By Nicole Diseker
Staff Writer
In the biblical story of Moses, God brought 10 plagues upon the city of Egypt. First there was bloody water, then frogs, gnats, lice, flies… and it just gets worse from there.
This is the year of 2013, and I am beginning to think we have yet another plague on our hands: grasshoppers.
They’re here. They’re there. They’re everywhere. In mass quantities, they inhabit our campus. I walk to class and cringe with each step I take, making the grasshoppers jump in all directions.
It’s not that I don’t like bugs; I’m just not fond of having them spring towards my body. Not to mention the number of grasshopper carcasses scattered across campus sidewalks is mildly unsettling.
Ever since watching “A Bug’s Life” as a child, when I see a grasshopper I think of Kevin Spacey who voiced the character of Hopper.
The ants in this movie, a family-like colony, were forced to pick food for the grasshoppers, leaving barely enough food for themselves. If they failed or stepped out of line in the grasshoppers’ eyes, a brutally violent, mentally unstable grasshopper named Thumper was unleashed upon them.
When I see a grasshopper I think of a demonic Kevin Spacey as Hopper, and his violent minion, Thumper. Pixar knows how to leave a lasting impression on a child.
The invasion doesn’t stop at our campus. It’s the entire world, as we know it.
Walking across a parking lot leaves me feeling like an actor in an old horror movie, but instead of a zombie trying to eat my brains, it’s grasshoppers. No matter how fast I walk they manage to get me. They latch onto my clothes. They flutter through the air like kamikaze pilots. It’s stressful just to leave my home.
The other day, I sat in my car, put it in drive and made my way down the road. As I sang to the radio I felt something touch my leg. Not just something, something with multiple creepy legs.
A grasshopper had snuck into my car and was now attacking me, putting my very life in danger.
I spazzed guys, I freaked out. This beady-eyed devil wouldn’t let go of my leg. As I tried to keep my car from swerving all over the road, I managed to swat the six-legged hazard into the floorboard.
It was that moment I decided… it is them or us.
Is it “global warming?” Is this a sign that bugs are plotting our demise, soon to take over the world, as we know it?

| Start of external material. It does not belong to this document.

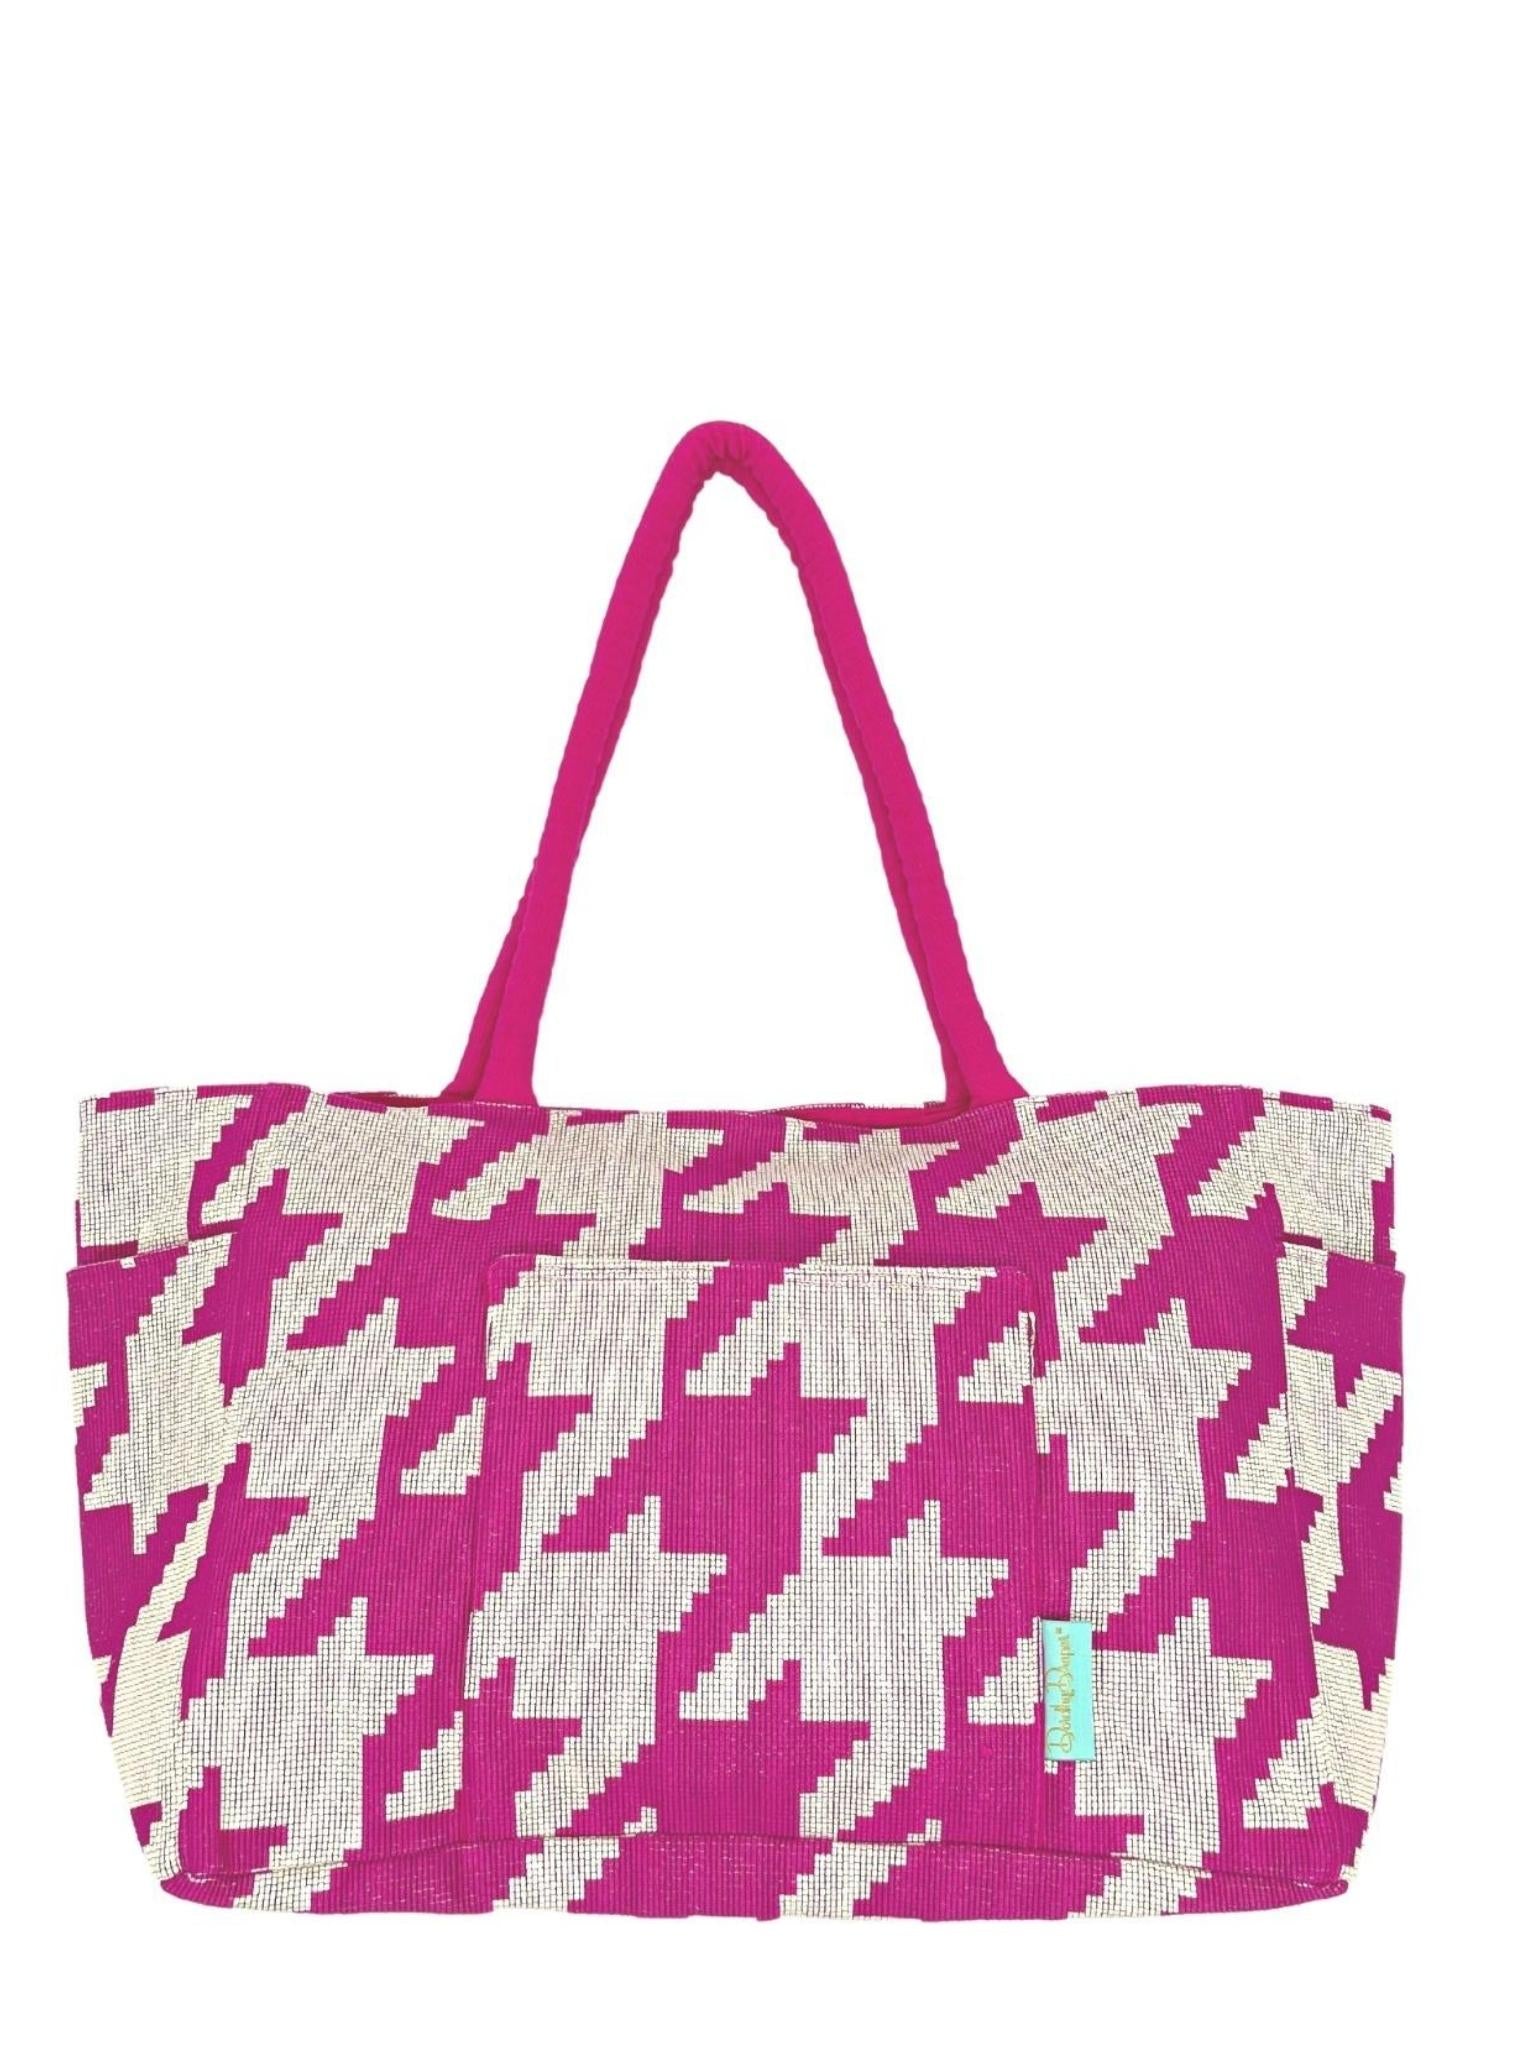 Boulevard Tote in Pink Houndstooth

As farfetched as these thoughts may be, science says that animals and insects have a sixth sense about these things. They know if seasons are changing or if we’re about to be hit by a massive storm, even when humans do not. Do the grasshoppers know something we don’t? Is the end near?
I don’t know why they’re here, why there are so many or what it all means… I just want them gone.